20. Entire Agreement and Amendment. This Agreement (including the Grant Statement) is the entire Agreement between the parties to it with respect to the Award, and


all prior oral and written representations are merged in this Agreement. Notwithstanding the preceding sentence, this Agreement shall not in any way affect the terms and provisions of the Plan. This Agreement may be amended, modified or terminated only by written agreement between you and the Company. The headings in this Agreement are inserted for convenience and identification only and are not intended to describe, interpret, define or limit the scope, extent, or intent of this Agreement or any provision hereof.

21. Binding Effect. This Agreement shall inure to the benefit of and be binding upon the parties hereto and their respective heirs, executors, administrators, successors and permitted assigns.
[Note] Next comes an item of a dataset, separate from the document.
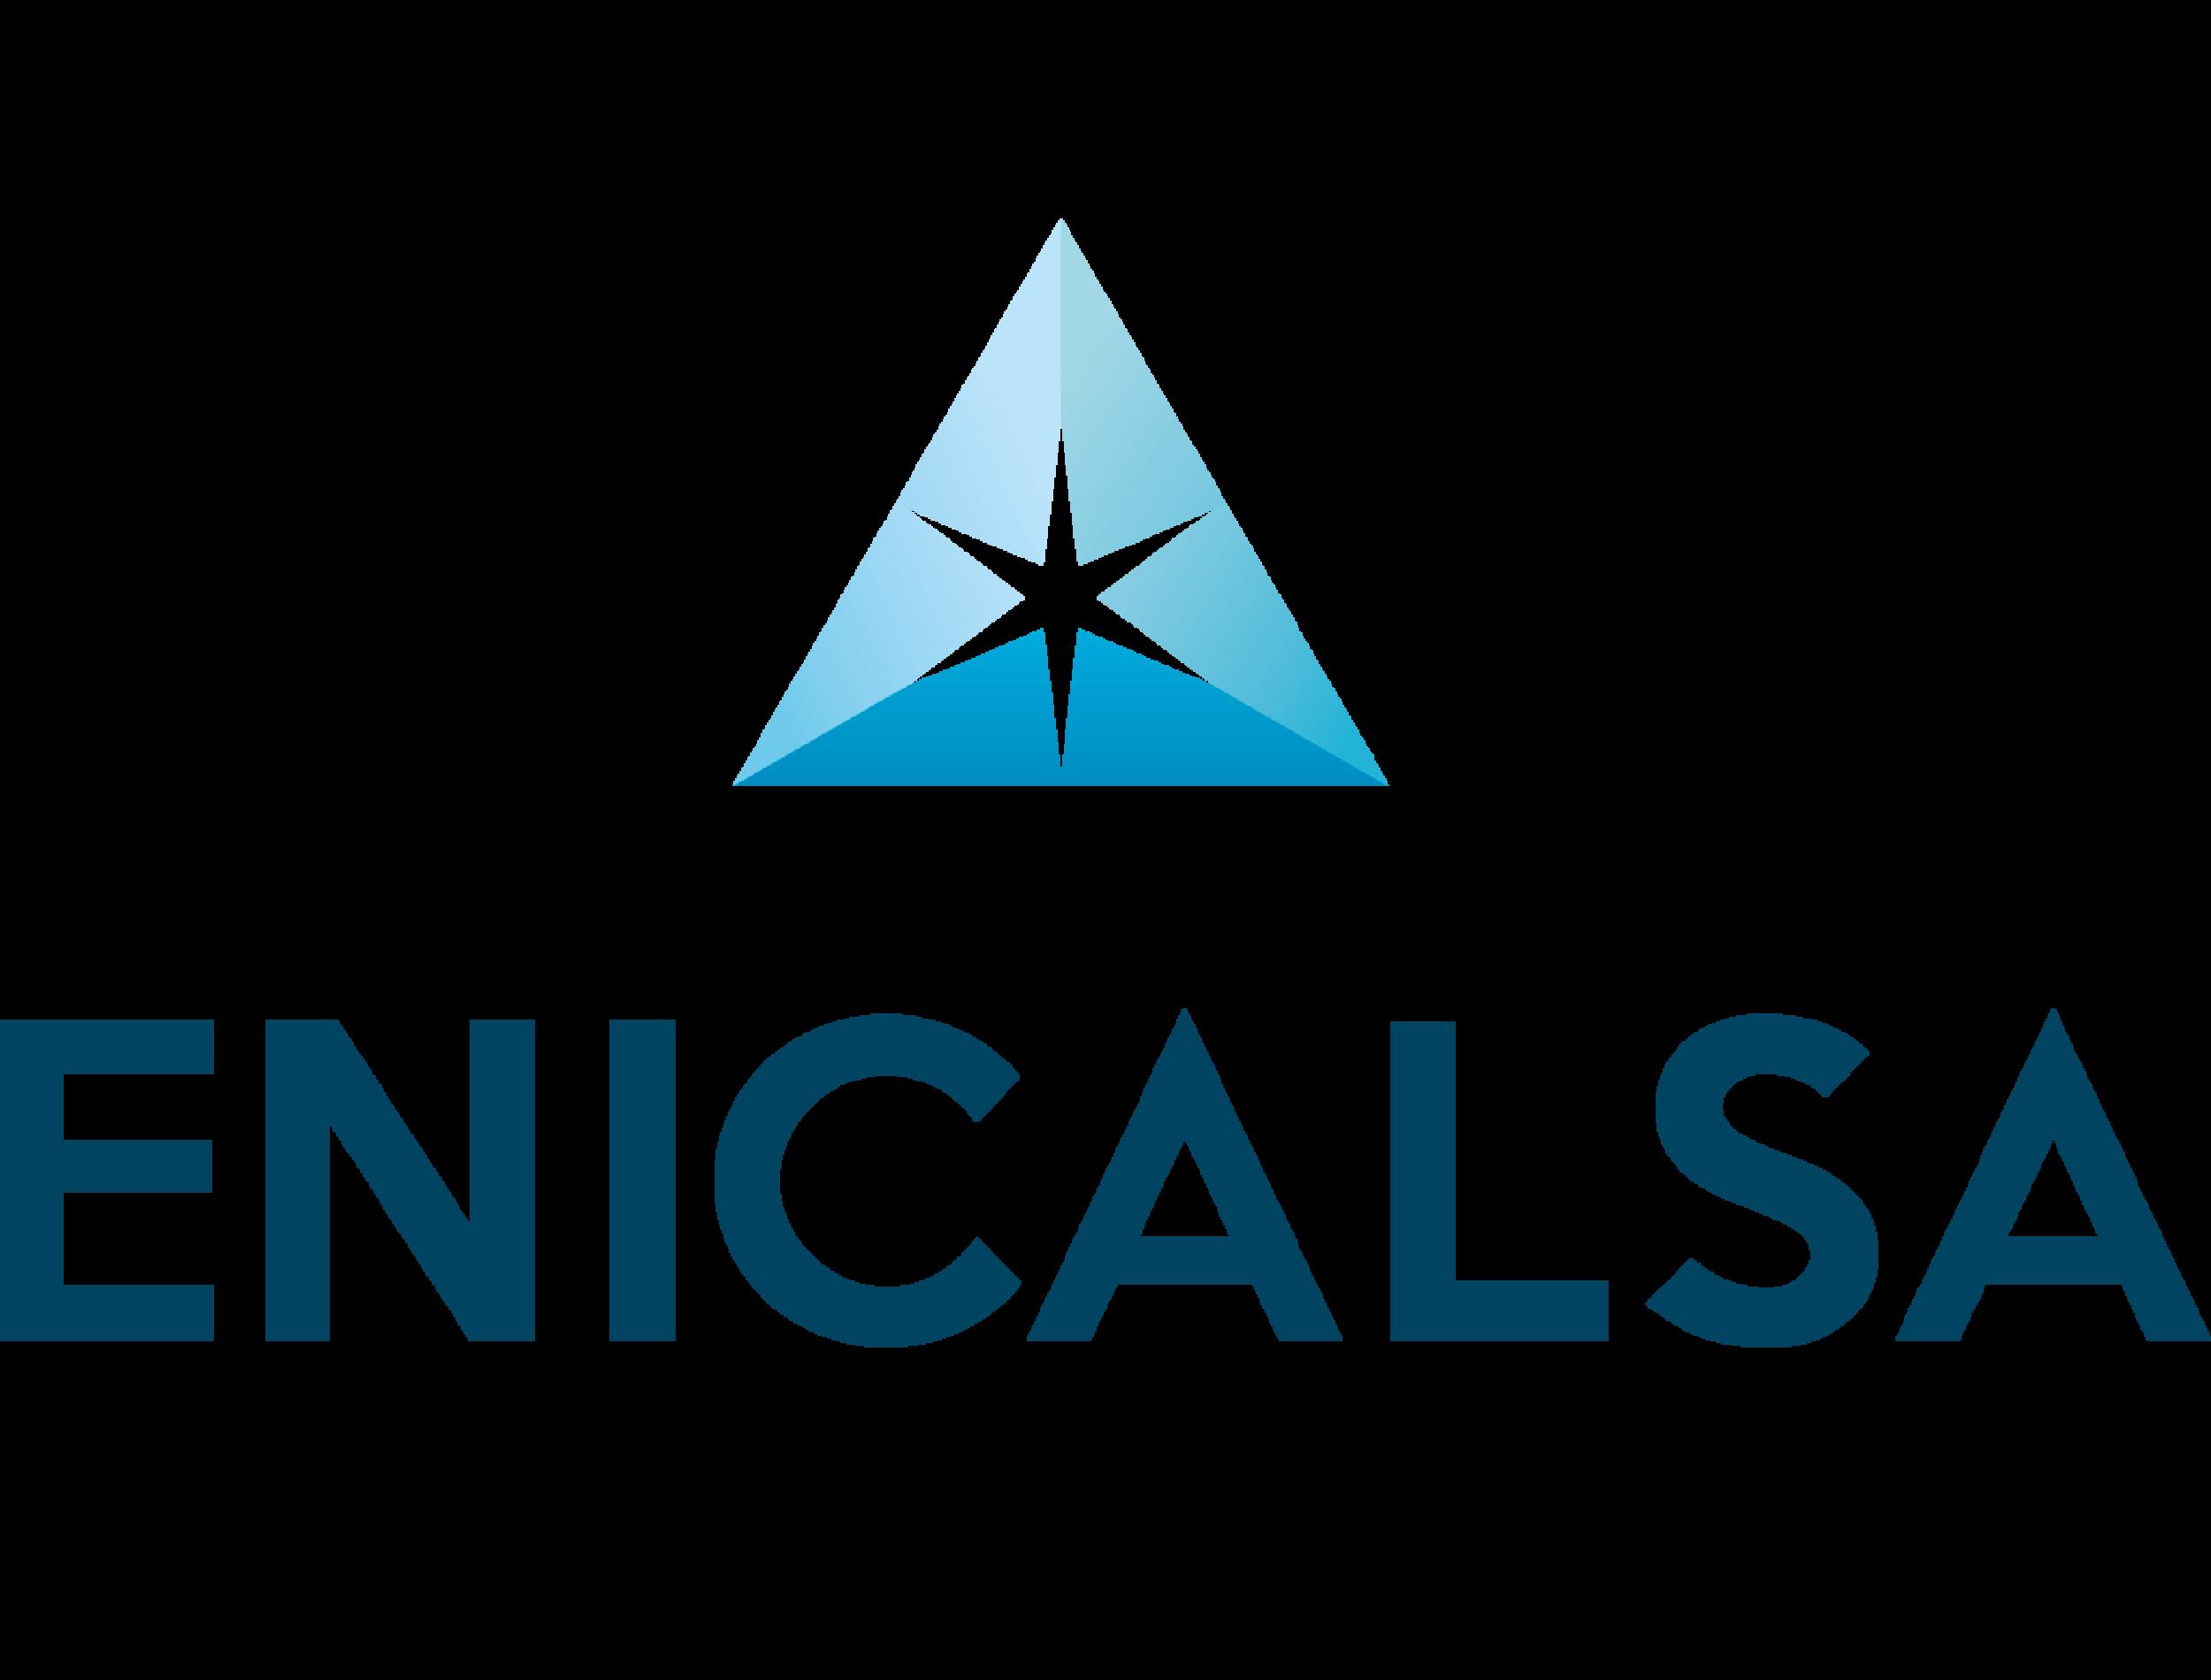 ENICALSA -

22. No Limitation on the Company’s Rights. The granting of Awards shall not in any way affect the Company’s right or power to make adjustments, reclassifications or changes in its capital or business structure or to merge, consolidate, reincorporate, dissolve, liquidate or sell or transfer all or any part of its business or assets.
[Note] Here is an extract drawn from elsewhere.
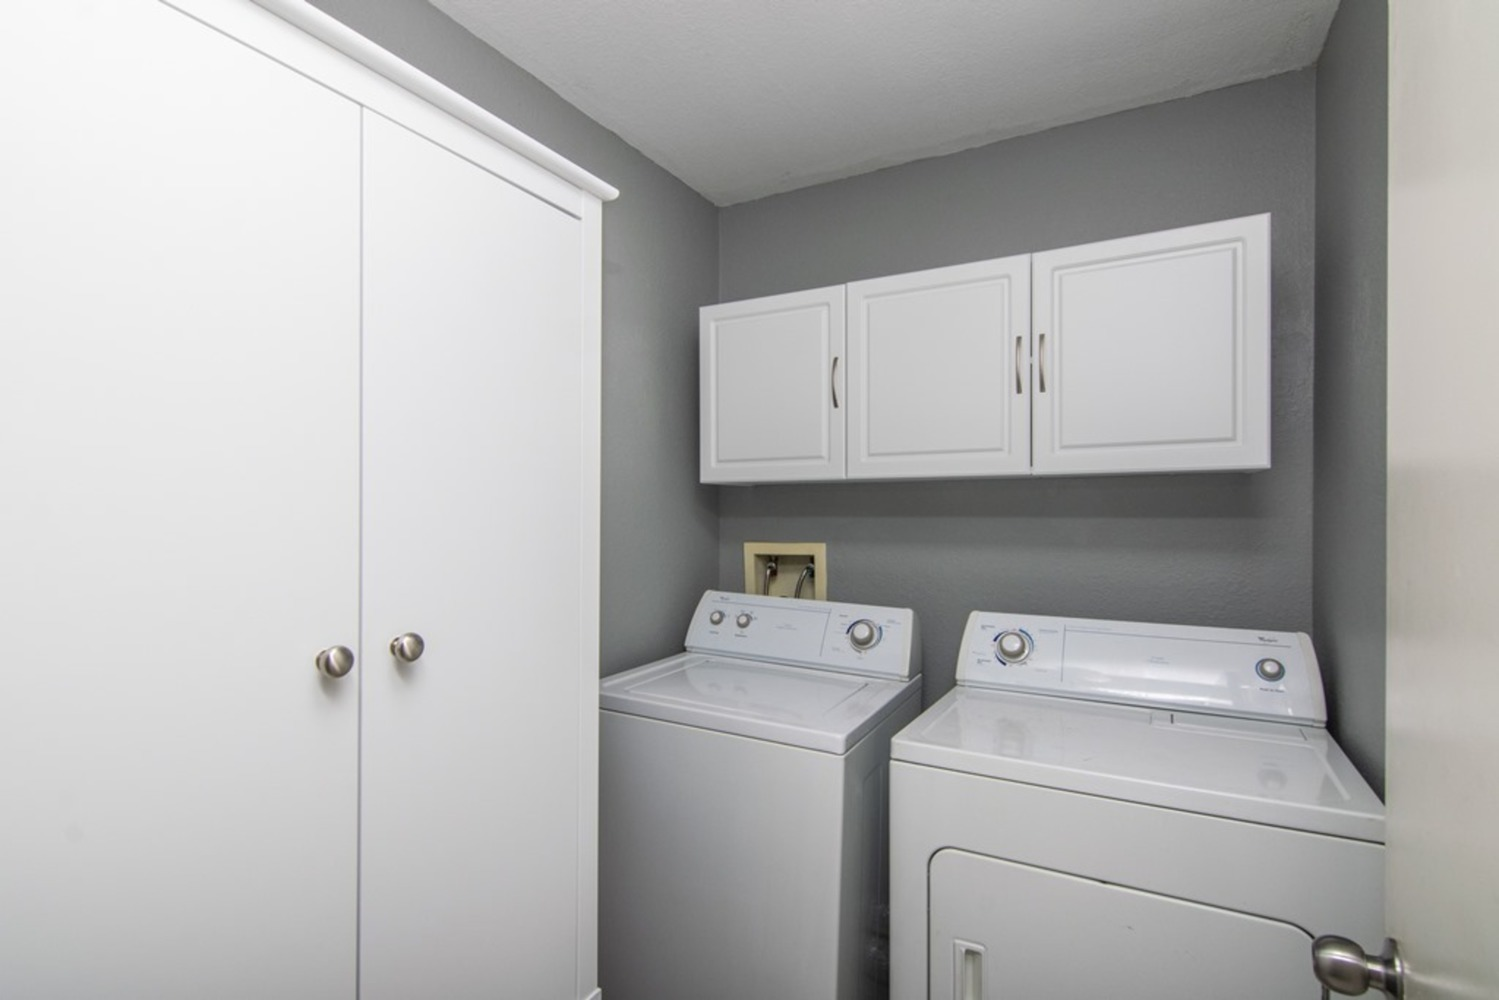 6 laundry room

23. Effect on Employment. Nothing in this Agreement or in the Award shall be construed as constituting a commitment, guarantee, agreement or understanding of any kind or nature that the Company shall continue to employ you, or as affecting in any way the right of the Company to terminate your employment at any time. This Agreement shall not in any way affect the terms and provisions of the Plan.

24. Notices. Notices given pursuant to this Agreement shall be in writing and shall be deemed received when personally delivered, or on the date of written confirmation of receipt by (a) overnight carrier, (b) telecopy, (c) registered or certified mail, return receipt requested, addressee only, postage prepaid, or (d) such other method of delivery that provides a written confirmation of delivery. Notice to the Company shall be directed to:

Beam Inc.

510 Lake Cook Road

Deerfield, IL 60015-5611

Attention: General Counsel

The Company may change the person and/or address to which you must give notice under this Section 24 by giving you written notice of such change, in accordance with the procedures described above. Notices to or with respect to you will be directed to you, or to your executors, personal representatives or distributees, if you are deceased, or your assignees, at your home address on the records of the Company.